Ein Interview von Mariam Schaghaghi
21 Jan. 2025

Mit Mut, subtilen Schnitten und allerfeinsten Materialien erlöste sie die Mode vom Weibchenschema und gab den Frauen neue Kraft. (Foto: 1983 in ihrem Studio. Atlantis Film)
Mit Mut, subtilen Schnitten und allerfeinsten Materialien erlöste sie die Mode vom Weibchenschema und gab den Frauen neue Kraft. (Foto: 1983 in ihrem Studio. Atlantis Film)

Sie ist die Einzige, deren Purismus und Poesie bis heute fortlebt. Eine Ikone. Zu Besuch bei Jil Sander

Ein sonniger Vormittag im Herbst, das Kopfsteinpflaster der schmalen Sträßchen im Hamburger Stadtteil Pöseldorf ist voller goldgelber Blätter, es herrscht heitere Ruhe wie an einem Feiertag.

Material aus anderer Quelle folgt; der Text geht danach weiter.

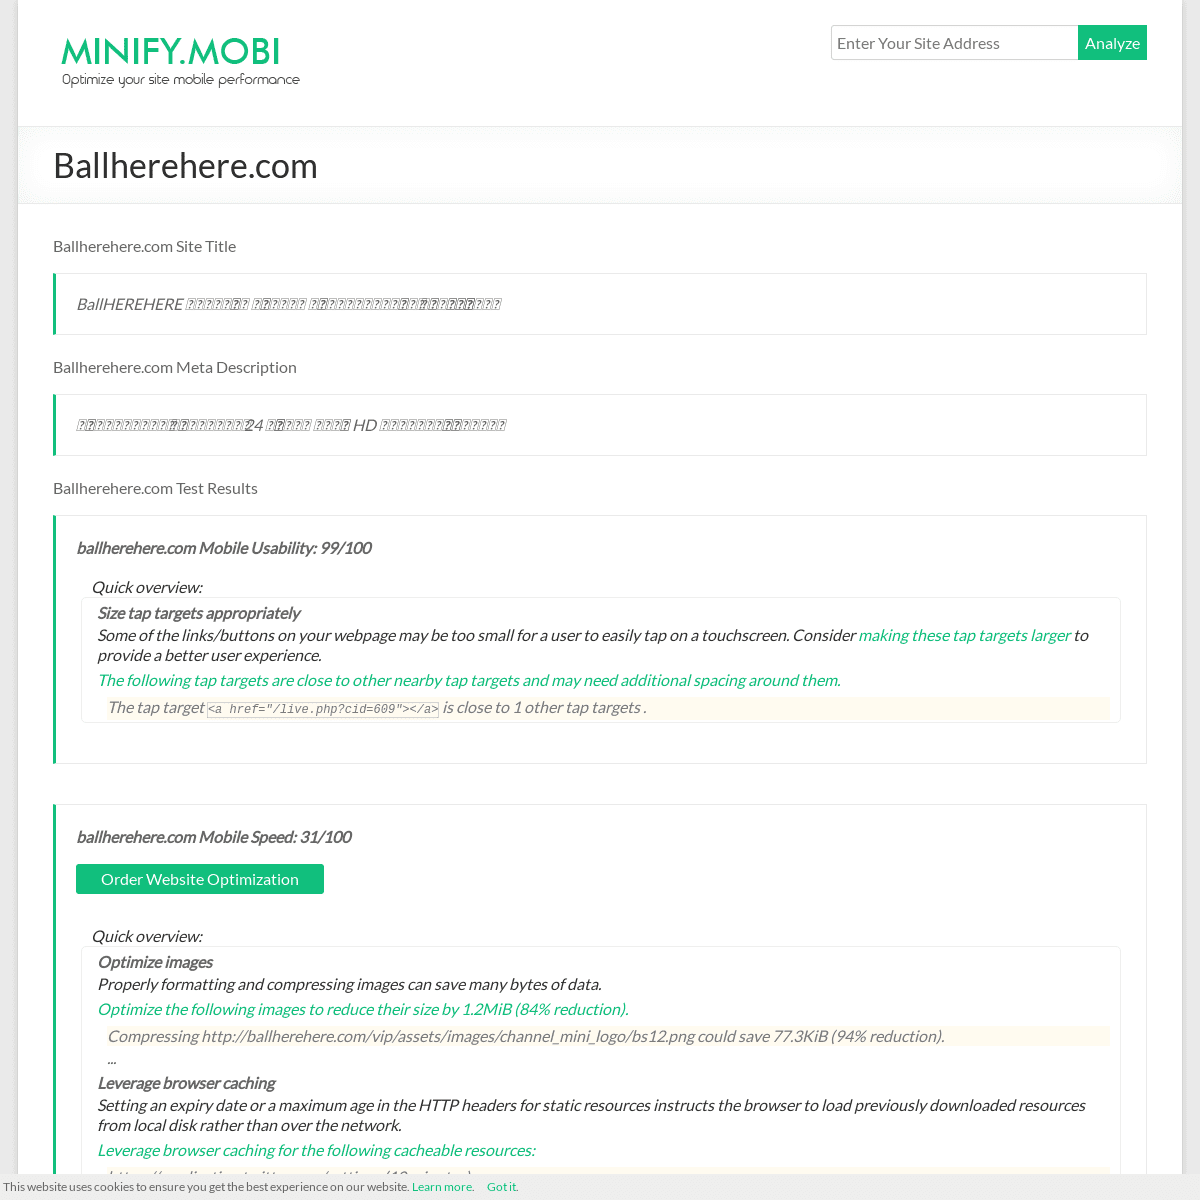 A complete backup of https://minify.mobi/results/ballherehere.com

Hinter gestutzten Bäumen und Hecken lugt eine weiße imposante klassizistische Villa hervor. Pöseldorf ist Jil Sanders Hood: An einer Ecke war ihre legendäre Boutique, einen Steinwurf weiter, in einem dreistöckigen Patrizierhaus, wohnte sie mal. Aufs Klingeln öffnet sich jetzt die mächtige Haustür aus Holz, und Jil Sanders Assistentin bittet mich in ein riesiges Foyer mit weißen Stuck-Kassettendecken, so prachtvoll, dass es außer einem mächtigen Metall-Tischobjekt kein Mobiliar benötigt, aber viel Luft zum Atmen bietet. Trotz der Größe wirkt die Villa nicht einschüchternd, nur weiß, rein, pur.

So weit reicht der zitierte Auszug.